Contribution - PDCI : quand l’indignation manque de leçon juridique

Analyste politique, Kalilou Coulibaly décrypte la récente sortie du secrétaire exécutif en chef du PDCI-RDA et surtout recadre sèchement l’animateur du vieux parti.

Contribution - PDCI : quand l’indignation manque de leçon juridique

Dr Emmou Sylvestre, secrétaire exécutif du PDCI-RDA, vient de signer une œuvre singulière. Un communiqué d’indignation où la mauvaise foi dispute la place au juridisme approximatif. Au lieu d’assumer la faillite éducative de ses troupes, Dr Emmou s’est réfugié dans le confort pathétique de la victimisation, comme si gémir contre la République pouvait faire oublier qu’il ne tient plus son parti que par les poignées de ses pancartes. Trois jeunes militants sont interpellés.  Il s’agit selon lui d’une cabale. On aurait pu croire à une arrestation digne d’un roman noir. Mais il ne s’agit que de la procédure ordinaire, celle que tout citoyen subit dès lors qu’il s’aventure sur le terrain de l’outrage public.  Dr Emmou Sylvestre, manifestement plus inspiré par le théâtre que par le Code de procédure pénale, feint d’ignorer qu’il existe une différence nette entre une interpellation et une audition.  La première est une mesure de contrainte permettant aux forces de l’ordre de présenter une personne soupçonnée à l’autorité compétente. La seconde, une simple invitation à s’expliquer, parfois libre, parfois encadrée.
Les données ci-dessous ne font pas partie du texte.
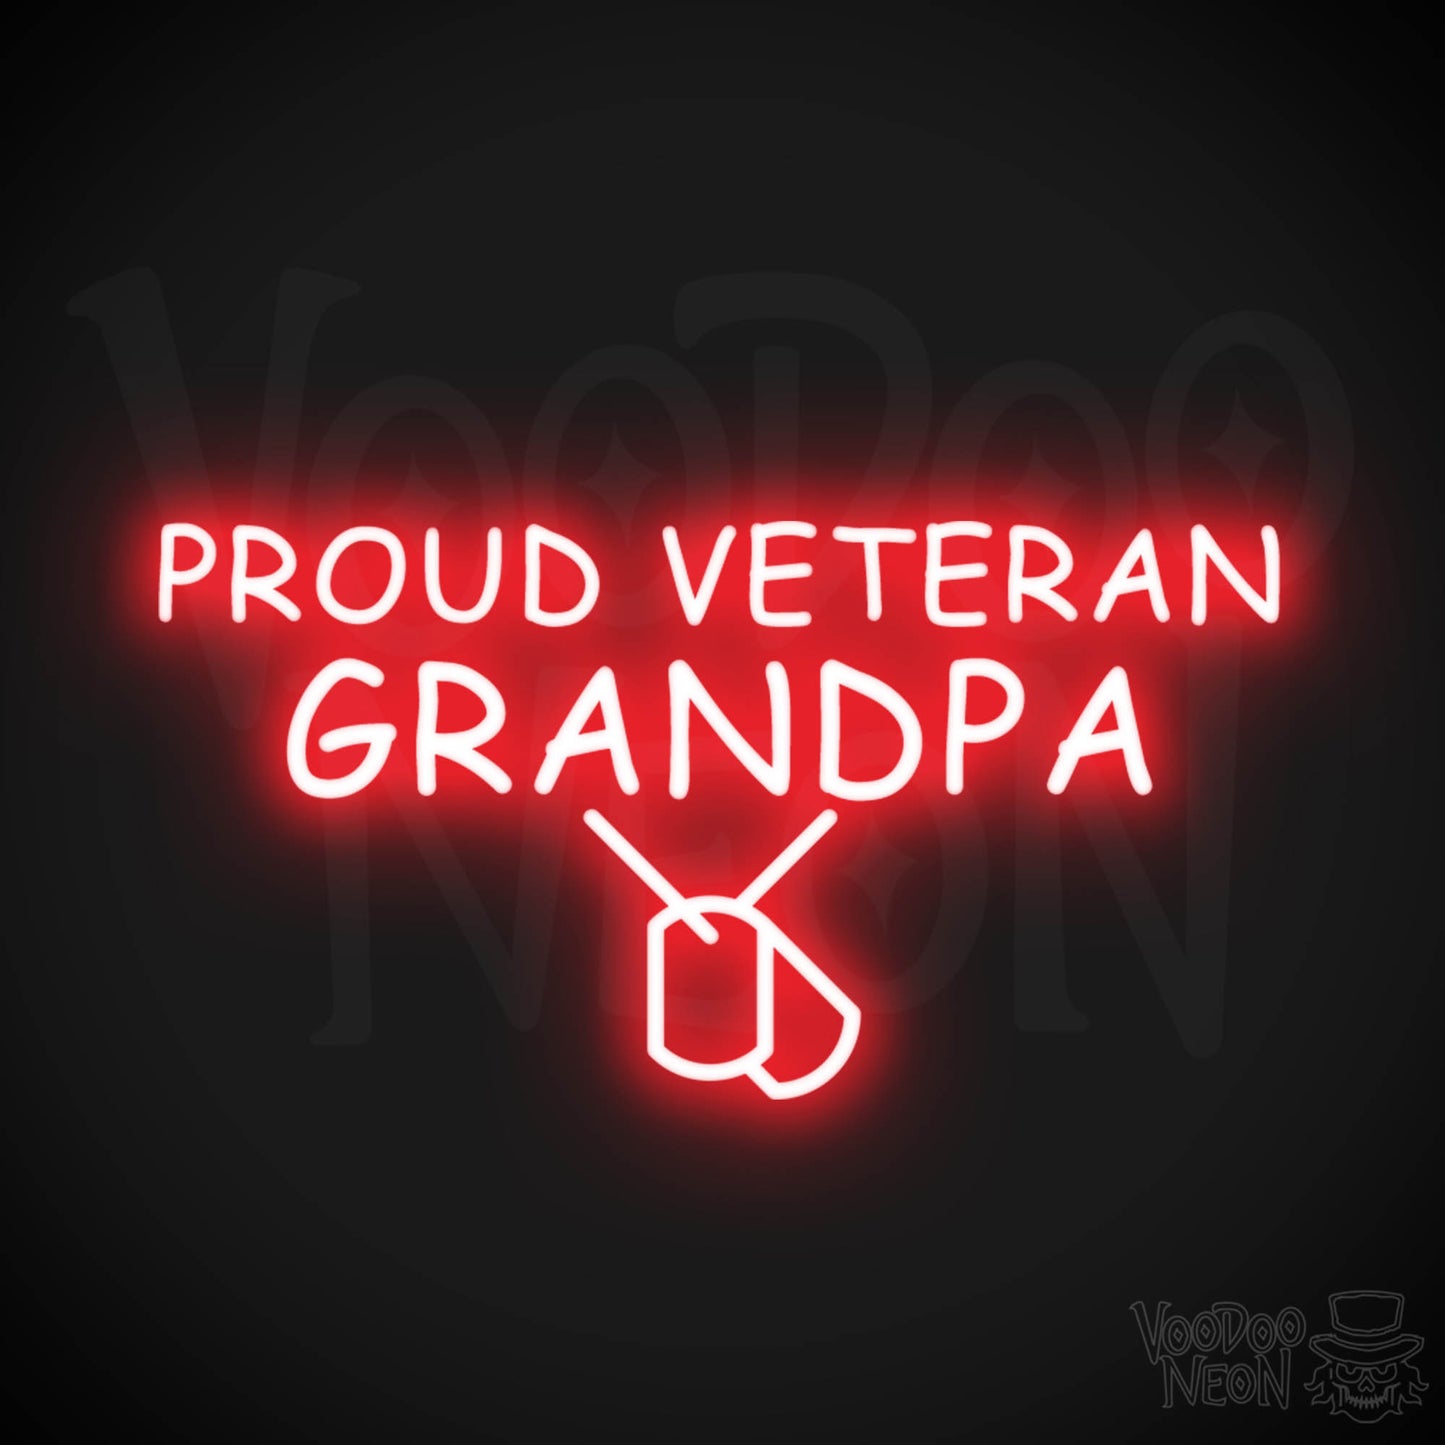 Proud Veteran Grandpa Neon Sign - Proud Veteran Grandpa Sign - Color Red
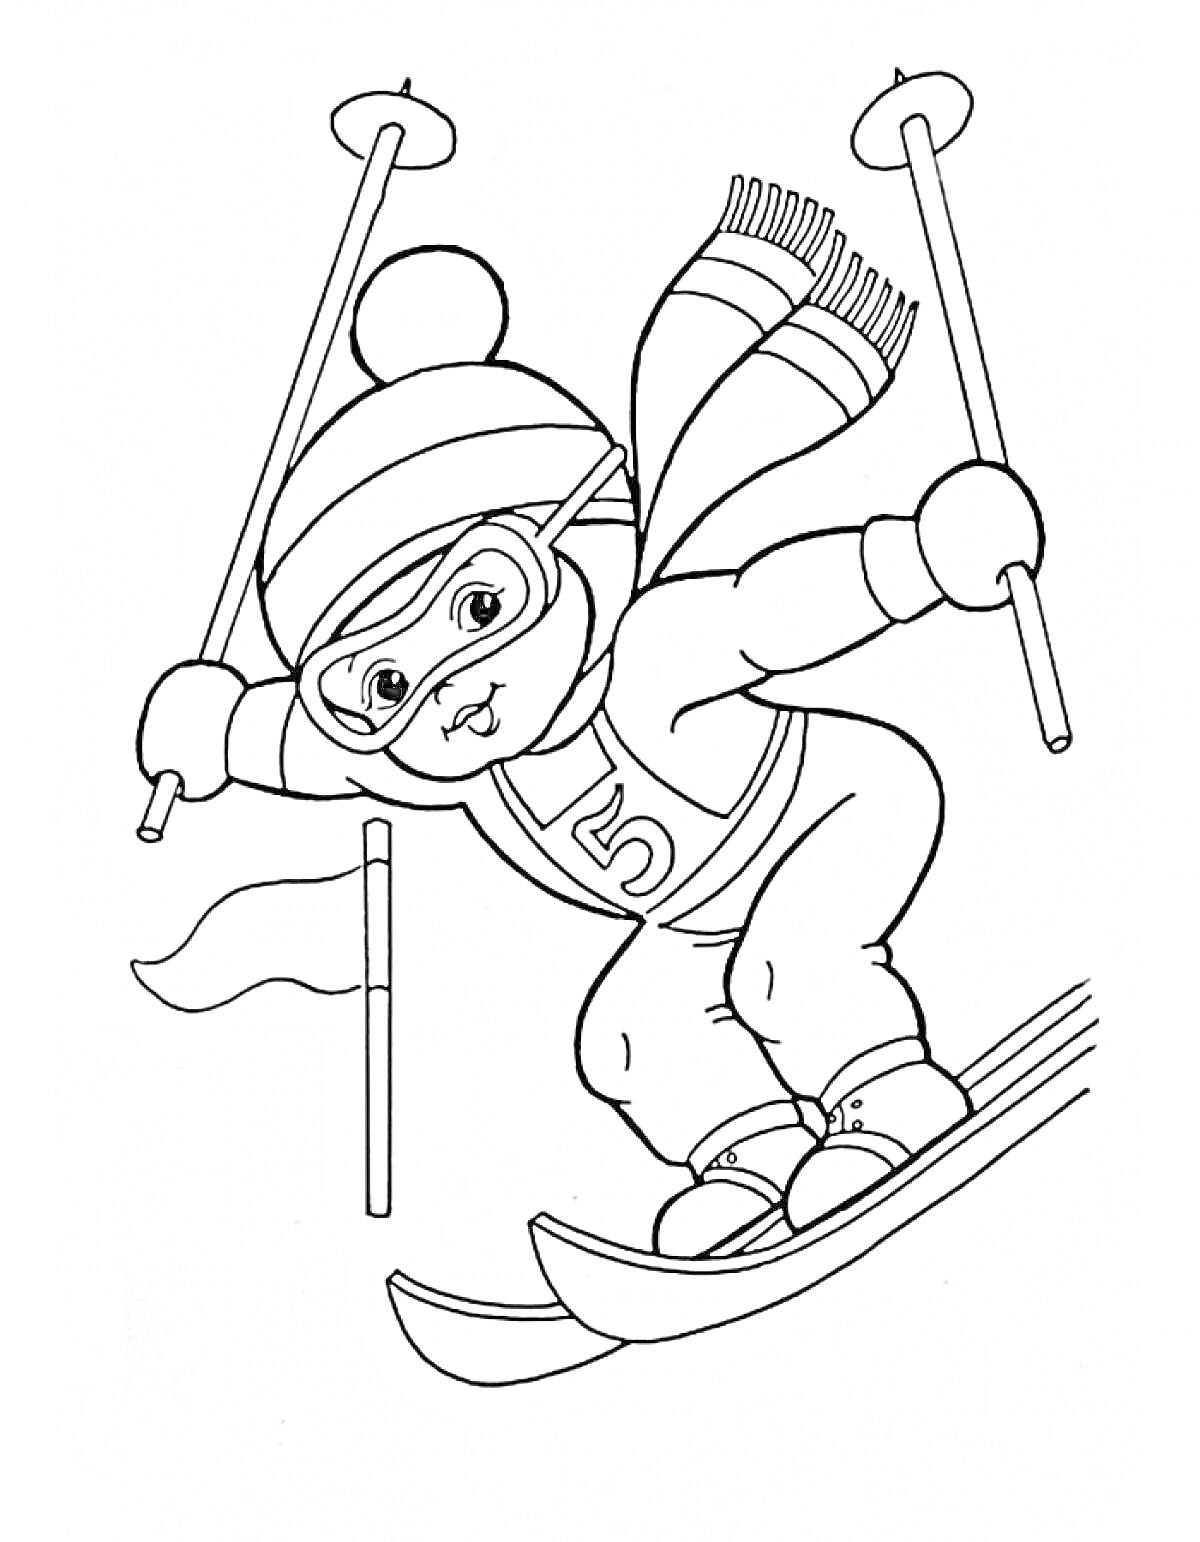 Мишка на лыжах с палками, в костюме со шарфом, шапкой и очками, возле флага

Non, Dr Emmou, on ne convoque pas l’avocat avant de dire bonjour à la loi. Ce n’est qu’à compter de la garde à vue que le droit à un avocat devient un principe opposable. Avant cela, il s’agit d’enquête, pas d’exécution sommaire.

 

Former ou fomenter, le dilemme mal tranché

 

Dr Emmou, au lieu de tempérer les ardeurs juvéniles de ses militants, préfère encourager l’outrance. Plutôt que d’expliquer à ses troupes que la parole publique a des limites, surtout quand elle frôle l’injure à chef d’État, il les défend avec la ferveur d’un avocat stagiaire mal briefé. Il oublie au passage que l’outrage à une autorité publique est un délit pénal, et non un badge de courage révolutionnaire. Que le président de la République soit aimé ou critiqué, soit. Mais qu’il devienne la cible d’invectives sans filtre, relayées sans encadrement, et soutenues sans discernement par un responsable de premier plan, là se pose une autre question : le PDCI-RDA est-il encore un parti, ou une zone de libre expression sans code de conduite ?

 

République imaginaire, et pédagogie évaporée

 

L’exemple du député malien Mohamed Gassama, placé sous mandat de dépôt pour des propos outrageants à l’encontre du chef de l’État ivoirien, aurait pourtant dû servir de leçon.  Mais Dr Emmou préfère s’enfoncer dans une république imaginaire, où le militant a tous les droits et la loi tous les torts.

 

Avant de s’en prendre à la République, le PDCI ferait bien de s’interroger sur ses propres manquements. Un parti confortablement installé dans les subventions publiques, mais manifestement frappé d’amnésie, ignore que sa mission première est d’éduquer avant de protester. Une formation politique digne de ce nom éviterait que chaque convocation judiciaire soit dramatisée en persécution d’État. Le rôle d’un parti n’est pas de s’émouvoir à chaque fois que la loi s’applique, mais d’apprendre à ses membres à ne pas l’enfreindre.  Car à force de négliger l’éducation, on transforme l’ignorance en stratégie et l’indiscipline en posture politique. A force de prendre ses militants pour des victimes, on les transforme en délinquants politiques. Dr Emmou risque de desservir la cause qu’il prétend défendre, transformant un appel à la justice en un mélodrame politique.